Saturday, August 25, 2007

reply to below

Well said Ben, you nailed it! Those were interesting times when the first welfare hippies showed-up. It's a wonder that no one got killed. You missed the part about the newcomers whining; “What do you people have against newcomers?” While their ol’ lady was fleecing the store shelves. They soon learned that they were not allowed into the local stores and even a dirt-bag hippie had to eat. With there being only three stores in town the merchants soon got wise to them. Good riddance!
Ah, but then the Back-to-the-land hippies started showing up. No matter how honest or sincere they were, they were not readily accepted. We had just been through the experience with the “truckers“, who were dirty, drug addicted, dirt-bags with no standards what so ever. The Back-to-the-landers looked and smelled the same as the trucker hippies. They had beards and long hair. They had no place to take a bath, so they smelled like goat farmers. The thing that wasn’t readily apparent was; they were honest, they were not thieves, they had no money because they just spent everything they owened on their “land“, as they called it. It was hilarious to the locals, that these people were buying land that wouldn’t even support a half a goat. But strangely, these people were buying everything in sight that had south exposure and water, where they could grow their food “organically”. These “honest” people had one thing in common, they honestly loved marijuana. Some sung the praises of L.S.D. (acid) that they said that they were using when the “back-to-the-land vision came to them.
They were so desparate to move to the new promised land that they would sell all they owned, borrow from their parents, or form welfare supported communes. (That is another whole chapter; you will have to wait for the book!) They soon learned that they could sell some of the left-over Marijuana that they grew in their gardens, to help make their land payments. I think you can guess the rest of the story.
So you were the bar-tenders at Astrinsky’s? That was the first bar that finally allowed the hippies to have a social life. Before Astrinsky’s opened the loggers used to have a lot of fun at the hippies expense at the logger bars. “Nothin’ like a good bath, haircut, and shave”, that phrase got used a lot. The hippie’s usually got smart and left before the loggers implemented their plan.
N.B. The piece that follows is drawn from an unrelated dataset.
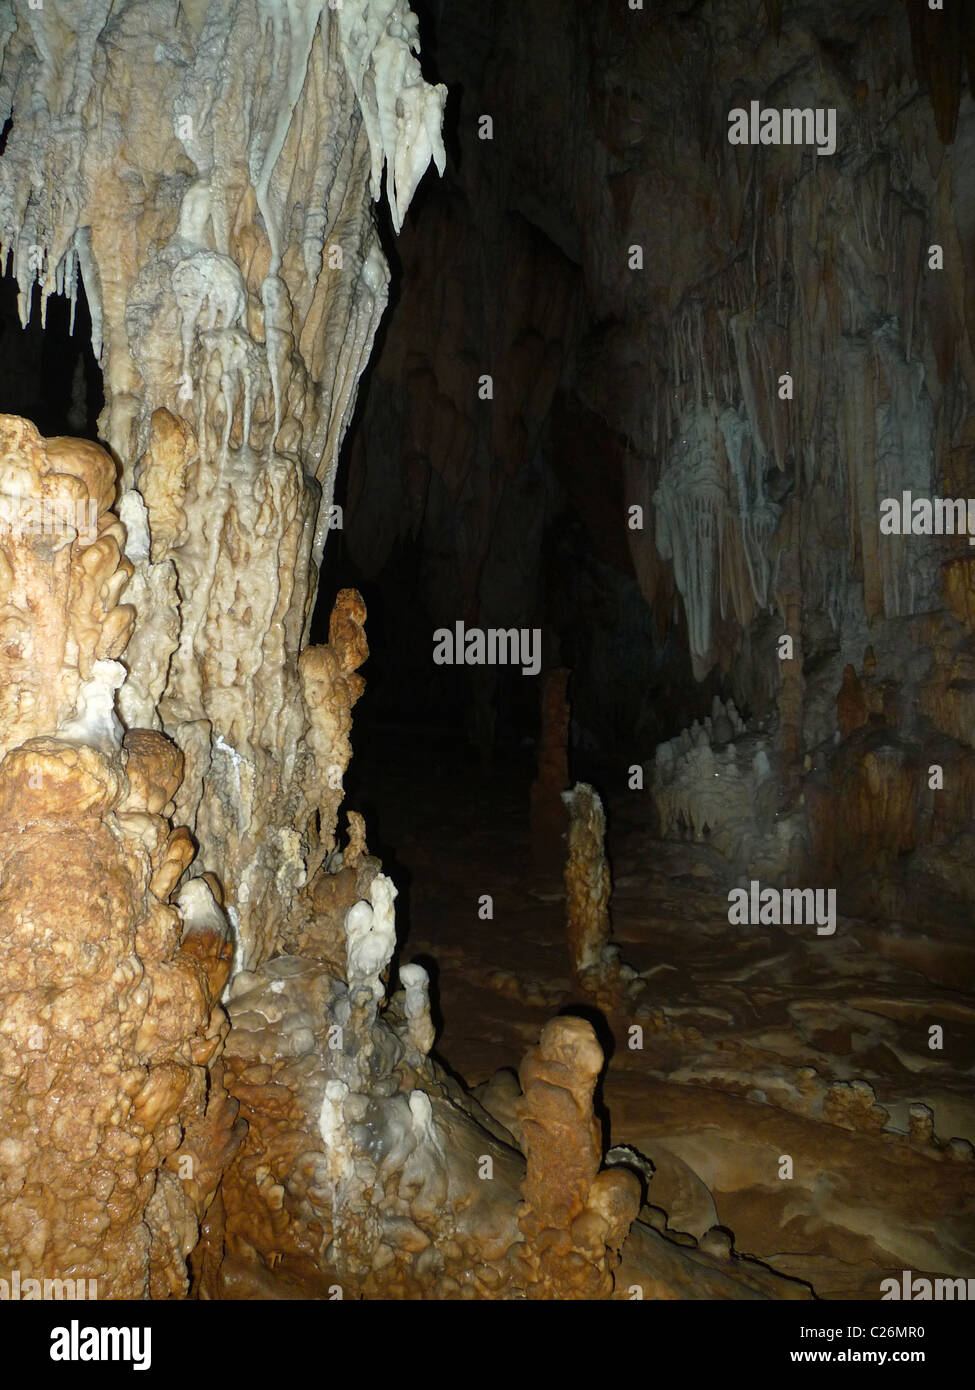 Rock Formations In Atm Actun Tunichil Muknal Cave In Belize Stock
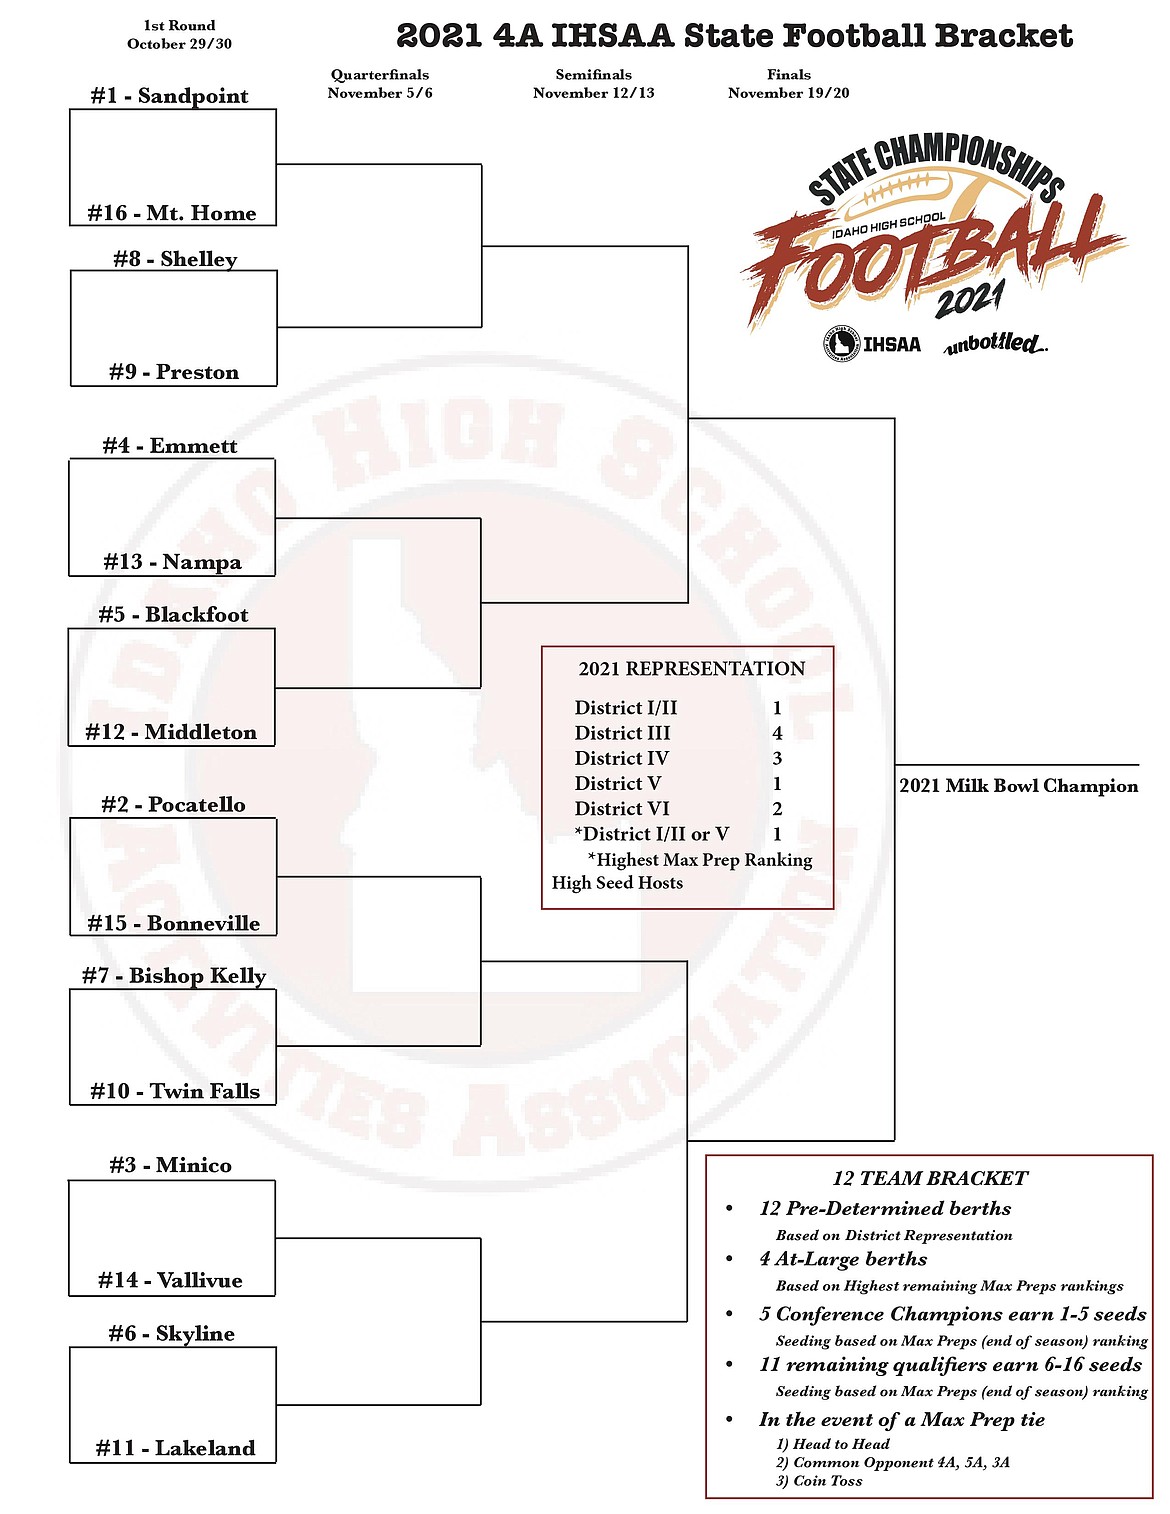 The 4A state playoff bracket.

I was the refrigeration man at Astrinsky. I always tried to schedule my calls for the evening. I’ve always been a people watcher, and Astrinsky’s was like going into a foreign country, of another world.
I used to love to watch the people gather around the old wood stove, where the lady with the little regular looking pipe sat. That pipe sure did smell strange didn’t it?
Ben, they aught too pay us to shut up shouldn’t they?